Por años crecí con un resentimiento hacia mi madre, ella y yo resultamos casi ilesos tuvimos "suerte", pero mi hermano no la tuvo, sufrió daños en la cabeza, el choque fue demasiado brutal para que él lo soportara, el auto dio vueltas, Esteban se salió de la pequeña silla "protectora" e impactó muy fuerte su cabeza... Murió al instante
Pasé culpando a mis padres por esto durante algún tiempo... Pero hoy me doy cuenta que ellos no tuvieron totalmente la culpa.

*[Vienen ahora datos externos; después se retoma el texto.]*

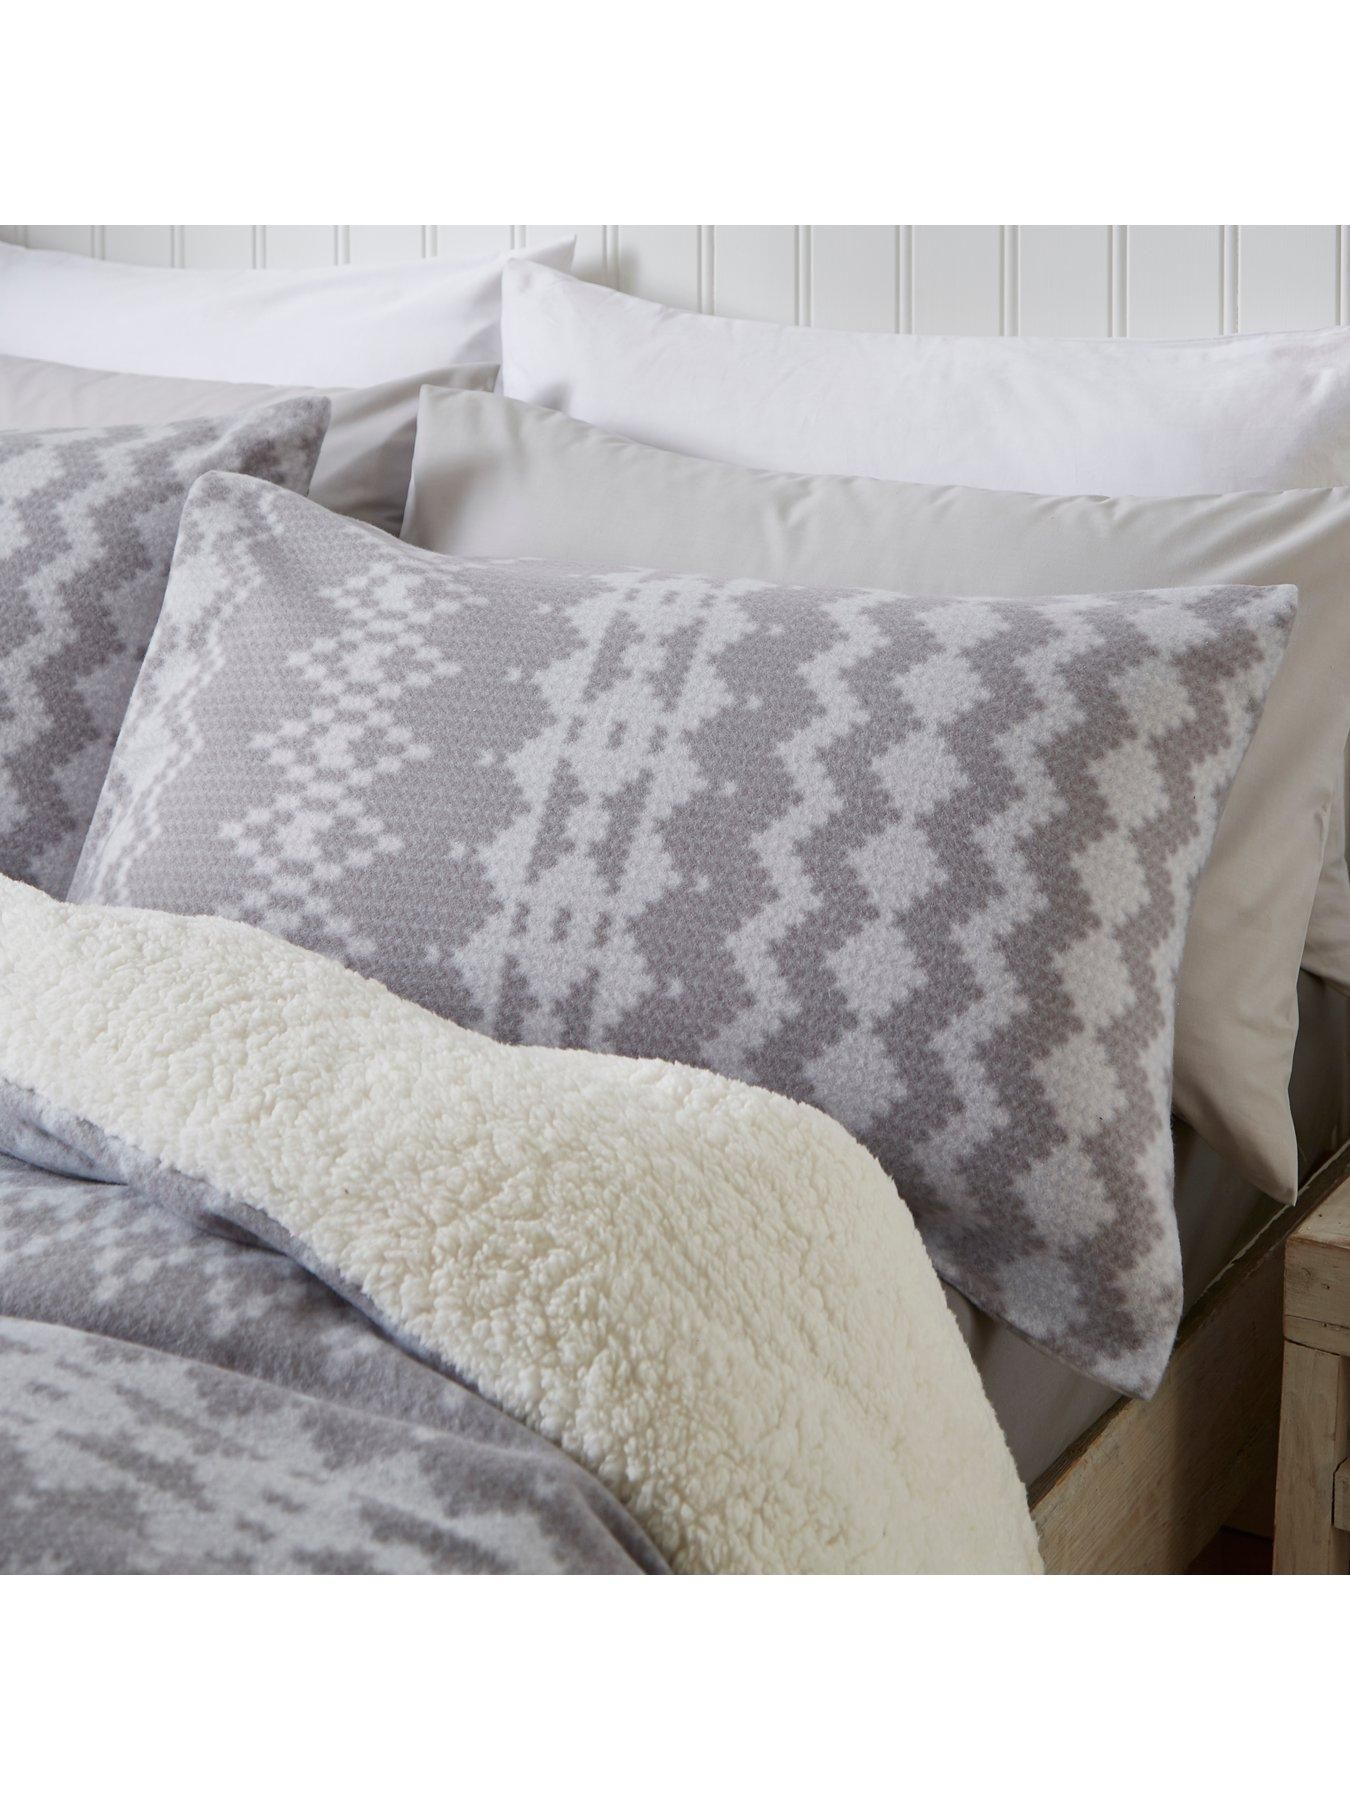 Catherine lansfield alpine fleece duvet cover set with

Poco después empezó todo; Las pesadillas, el ver a esos ojos tan seguido que ya hasta empezaba a parecer algo "normal", las voces en mi cabeza, los "destellos" cada vez más frecuentes. Hablé con mi madre a cerca de eso y pareció preocuparle, me llevó con el licenciado Arturo Rodriguez, quien me dio una especie de terapia... Juegos, ejercicios, en fin cosas que distrajeran a mi mente e hicieran desaparecer a mi "amigo", con las que a fin de cuentas, ¡lo consiguió! O eso creía hasta ahora... No creí que fuera a volver, de hecho ya ni siquiera lo recordaba, pero anoche ocurrió de nuevo, tal y como a los 6 años... Las visiones, las voces e incluso rasguños. Creí que todo había sido solo un mal sueño hasta que los vi de nuevo, esos ojos azules viéndome fijamente desde el rincón más oscuro de mi habitación con una serenidad y tranquilidad que lejos de transmitir paz, me provocaban desesperación y exaltación... ¡Esos malditos ojos de nuevo!

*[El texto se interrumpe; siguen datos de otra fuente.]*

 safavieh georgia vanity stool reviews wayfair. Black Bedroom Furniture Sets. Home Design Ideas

Ahora vivo solo, Habían pasado 6 años desde la última vez que lo vi, fue en tercer semestre de preparatoria, tenía 16 años y dejarlo de ver fue un alivio, ¡por fin me sentía libre!, por fin sentía que podía vivir a plenitud sin ese temor que me daba la hora de dormir, el psicólogo lo había logrado y mi madre se lo tenía muy agradecido (como no si ya hasta vivían juntos).
Mi padre y mi madre se separaron poco después de la tragedia (diez meses para ser exactos), durante ese tiempo sólo hubo peleas, gritos y regaños sin sentido. En la casa se respiraba una tensión increíblemente difícil de explicar.

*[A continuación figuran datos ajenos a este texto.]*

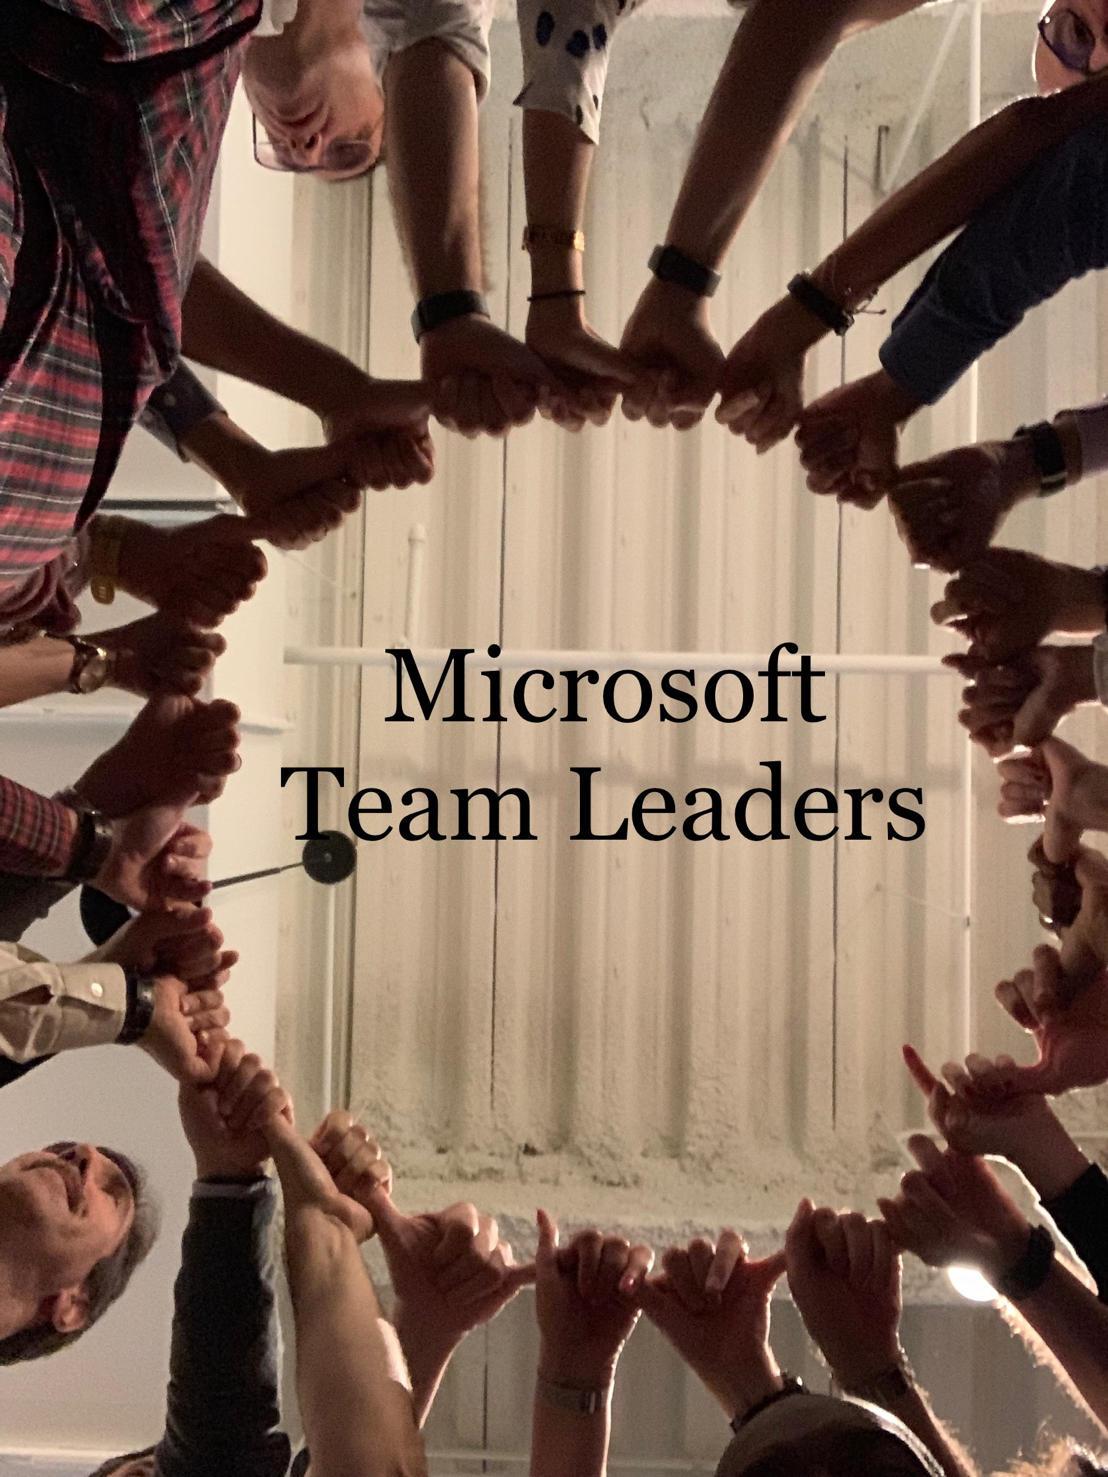 Microsoft Coaching Workshop / Taller de Coaching en Microsoft - Ignacio Isusi

-Sólo era cuestión de tiempo- dijo mi madre con una sonrisa que lejos de denotar felicidad, dejaba ver preocupación y tristeza, aunque también un poco de alivio, al encontrar esa carta en su almohada. Era oficial; mi padre había huido de casa, dejándonos a mi madre y a mí solos y a nuestra suerte.
Afortunadamente (o eso creíamos) el licenciado Arturo siempre estuvo cerca para brindarnos una mano, comencé a verlo más y más seguido, ya no solo en las sesiones, sino también en mi propia casa, salía con mamá y hasta la llamaba por su nombre, era muy común verlos juntos y hasta mis amigos de la nueva escuela creían que era mi papá.
Así fue como poco a poco se empezó a meter más y más en mi familia a tal grado que mi mamá y él contrajeron matrimonio, yo tenía ya 13 años y entendía perfectamente lo que pasaba, sabía que mi papá nos había abandonado y que quisiera o no el licenciado se había convertido en una persona muy especial para mamá. Él nos ayudó mucho, más aún a mi madre, pues ella estaba muy deprimida cuando papá se fue y el licenciado le devolvió la sonrisa por un tiempo.
Así pasaron los próximos 7 años, las cosas parecían ir bien, mi madre y Arturo iban de maravilla, paseaban jugueteaban... Iban tan bien que hasta se "olvidaron" de mí, yo lo captaba perfectamente y un buen día decidí marcharme... ¡Qué gran error!
Me enteré hace medio año. Las cosas nunca estuvieron bien entre ellos dos, él era infiel y mi madre no hacía más que esconder su sufrimiento con tal de que no me enterara de cómo estaba todo. Levaban así más de 5 años, hasta que un día, mi madre no pudo soportarlo más y sufrió un ataque fulminante al corazón.
Cuando me enteré me devasté, no lo podía creer ¡Todo el peso que debió cargar esa mujer! y yo no hice más que abandonarla en el momento que más tenía que apoyarla. La noticia me pesó demasiado hasta contemplé el suicidio, pero Lucy, mi novia, me hizo ver que esa no era una opción y que sólo podía aceptar la triste noticia.
He pasado este tiempo atormentándome pensando en que hubiera pasado silo hubiera sabido desde un principio, esos años de tristeza y soledad que le pude haber evitado a mi madre... tal vez eso fue lo que hizo que mi "amigo" regresara.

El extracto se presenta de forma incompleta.